Я жа его помню. Кашемировый такой, зеленоватого цвета. Но его уже не надевали при мне, а как память хранили. Мы ещё с сестрой, покойницей Любой, тайком от бабушки доставали его из сундука, бабушкиного сундука и примеряли его. Ну, так, знаешь? Потаясь! А вот к кому он потом попал, не могу сказать. Так что, видишь, Паша?
– И что с тем монахом, родственником нашим стало? –спрашиваю я. – Ушёл и всё? Куда ушёл? – таких подробностей я не слышал от деда.
– С этим монахом? Его, Паша, видали в Ирусалиме. Егор Егорыч рассказывал. Ну, а он жа по монастырям ходил. И где он потом был, чаво с ним? Никто не знаить!
– Кха-кха, кха-кха… И какая жа тут любовь? – слегка прочистив горло, спрашивает отец. – Яму жа энткая люмбовь нужна! Табе какая любовь нужна, Паш?
– А ты, отец, не спеши! Я знаю, какая ему любовь нужна! Знаю, знаю! А вот зачем я табе всё это рассказала? Скажу! Када в Лобачах стали церкву крушить, то вот этот Егор Егорыч, он иконы стал спасать.
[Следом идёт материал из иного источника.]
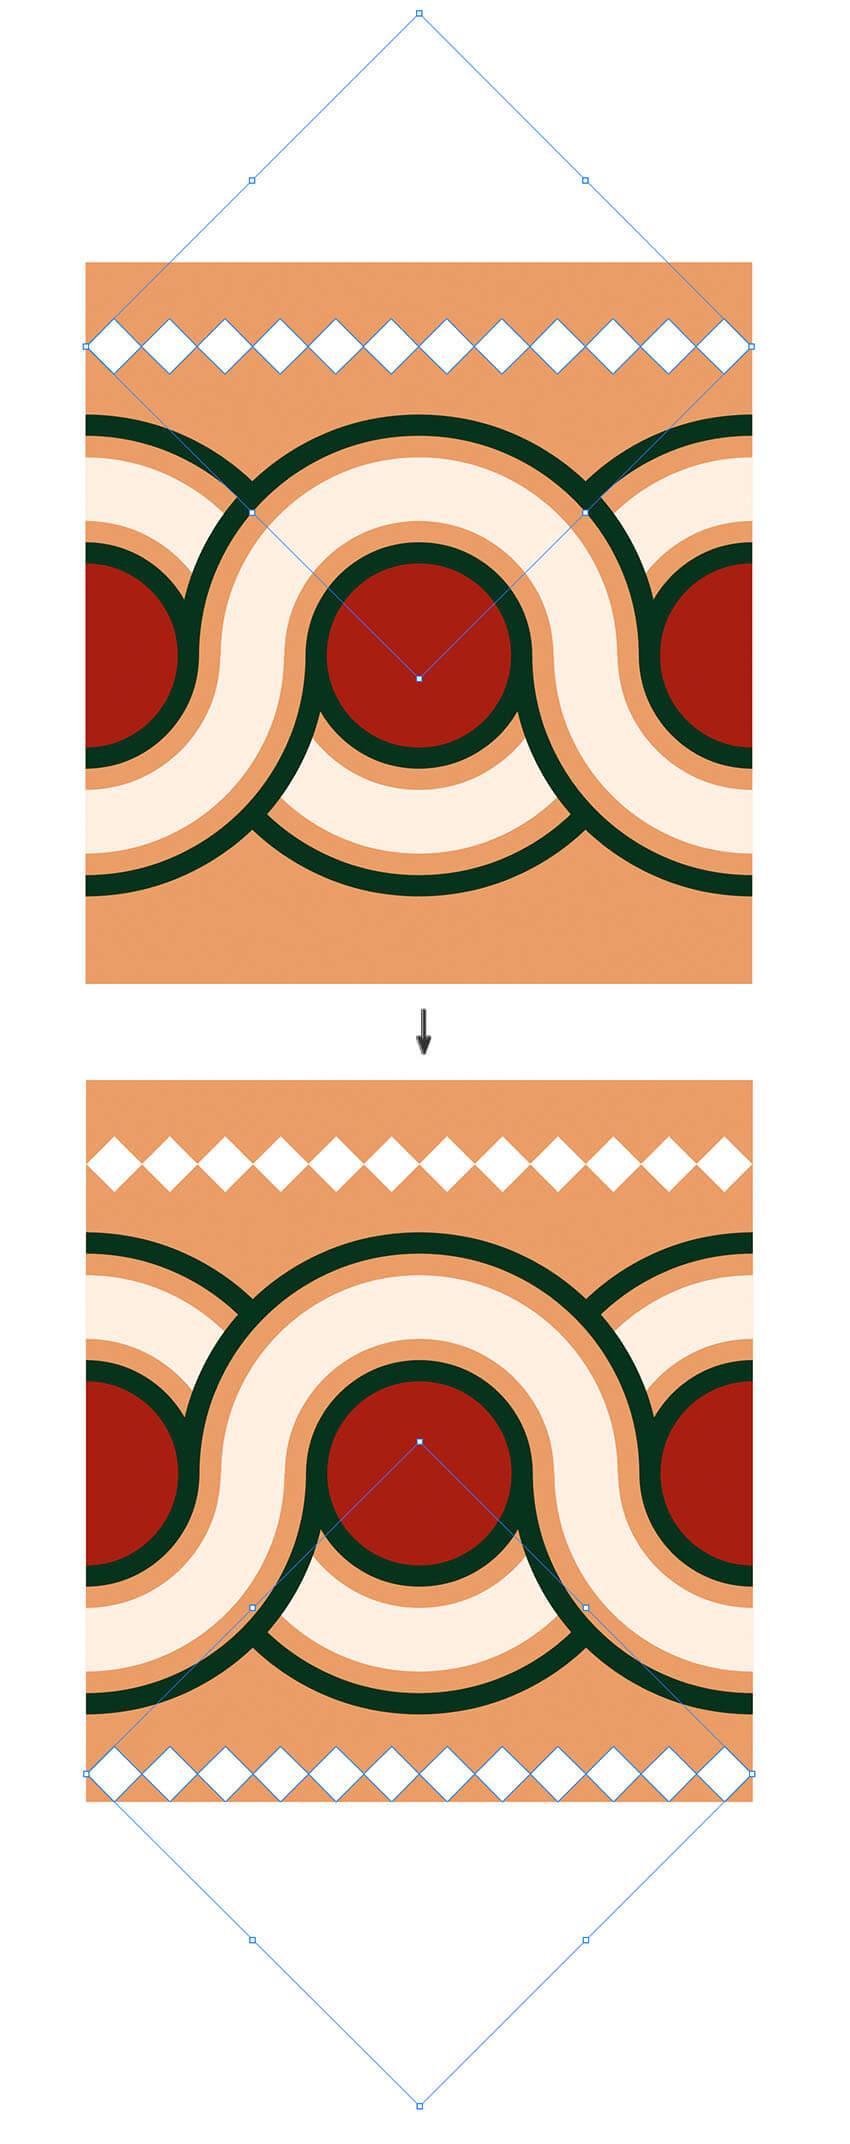 option shift drag diamond shape row horizontally and vertically
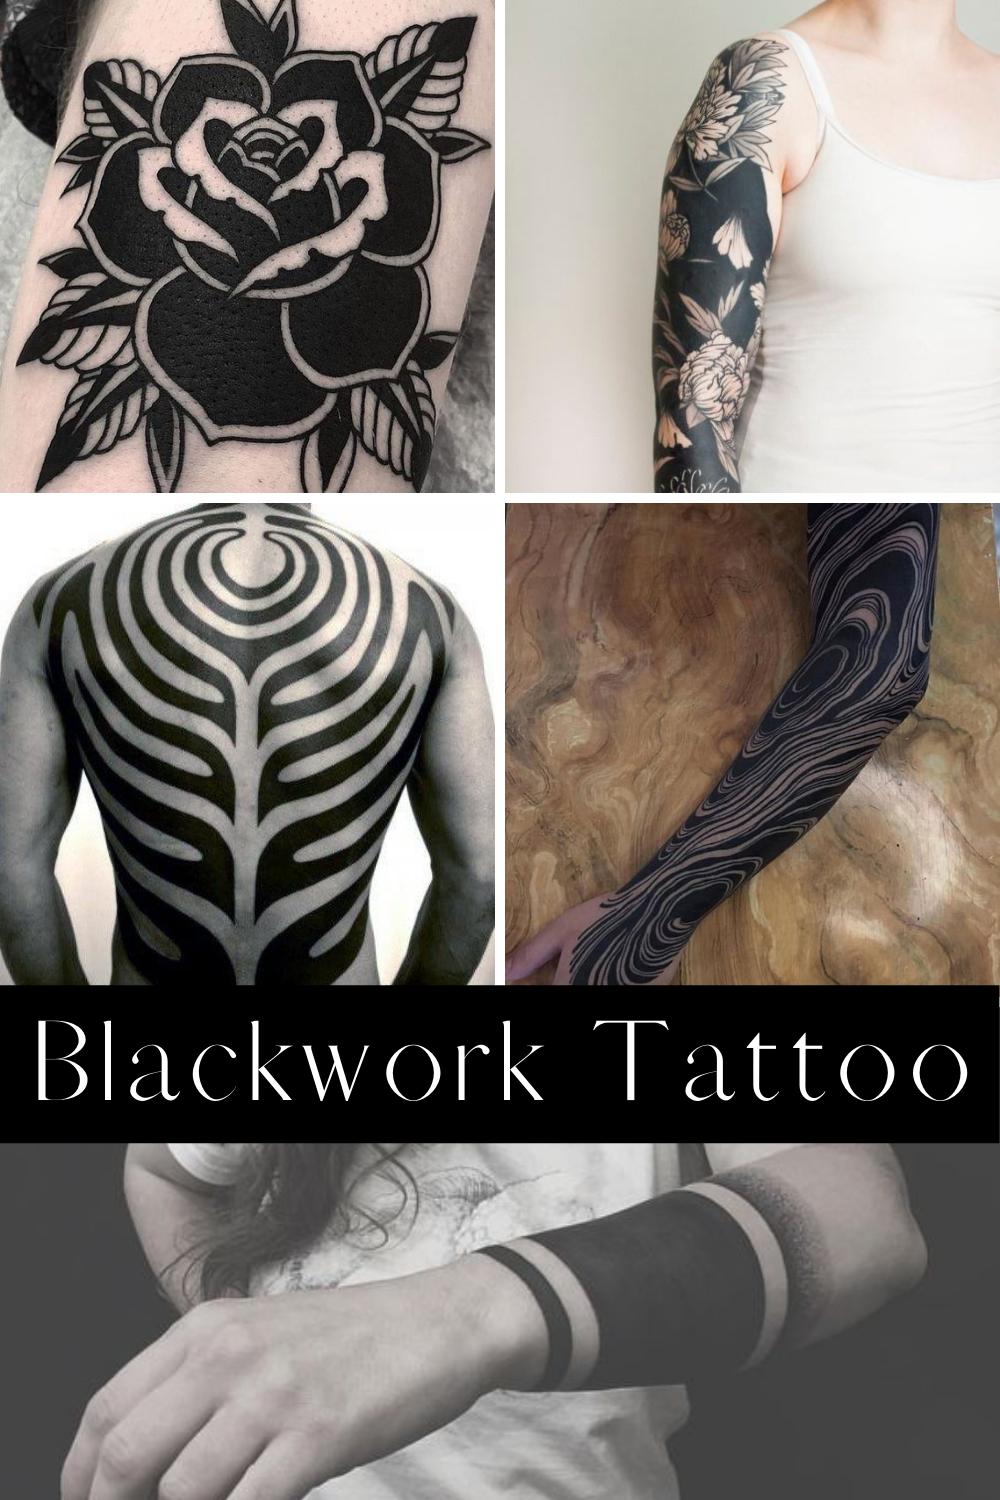 Blackwork Tattoo Ideas & Designs

В точности я табе не могу сказать, как это вышло. Можа, он заранее знал, что вот завтра кумунисты примутся за церкву, а он нонча и стал их выносить из церквы. Скорее всего, так и было, потому что икон он много спас. Потом он жа многим нашим верующим эти иконы и раздавал. Ты вот видишь, сынок, эту икону? – мать указала на Марию и Иосифа. –Её ведь тоже из церквы вынесли, но из Нижне-Реченской. Там жа такая картина была. Там – Терёхины, что над речкой живуть, – ты их помнишь? Терёхиных?
– Да, конечно, помню!
– Так они в Нижней Речке спасали иконы, а у нас в Лобачах – Егор Егорыч. Несмотря на то, что этот Егор Егорыч по жизни метался туда-суда, но был он беззлобный. Муху пальцем не обидить! Безобидный, беззлобный и всегда улыбалси, всегда улыбалси! Но! По женской части, вишь, какой был? Бедокурный! А женщины-то видать, его за энту улыбочку и уважали. Ага!.. Слухайте дальше. А дальше – больше! Жила у нас на Земляках, под курганом, это туда, внизу у яра, Настя Землякова. Земляковых там на Земляках – пруд пруди, и все они нам родственники, а вот Настя – тожа, но далёкая. А жили они вдвоем с матрей Серафимой. И вот красоты Настя была неописуемой! Она хоть и старше меня, но я её помню, Настю. Что походочка, что личико, ну, как говорять, ни в сказке сказать, ни пером не описать! Стройная такая, фигуристая, глаза такие – ясные-ясные! Чистая лазурь! А бровки, будто рисованные, как у меня!..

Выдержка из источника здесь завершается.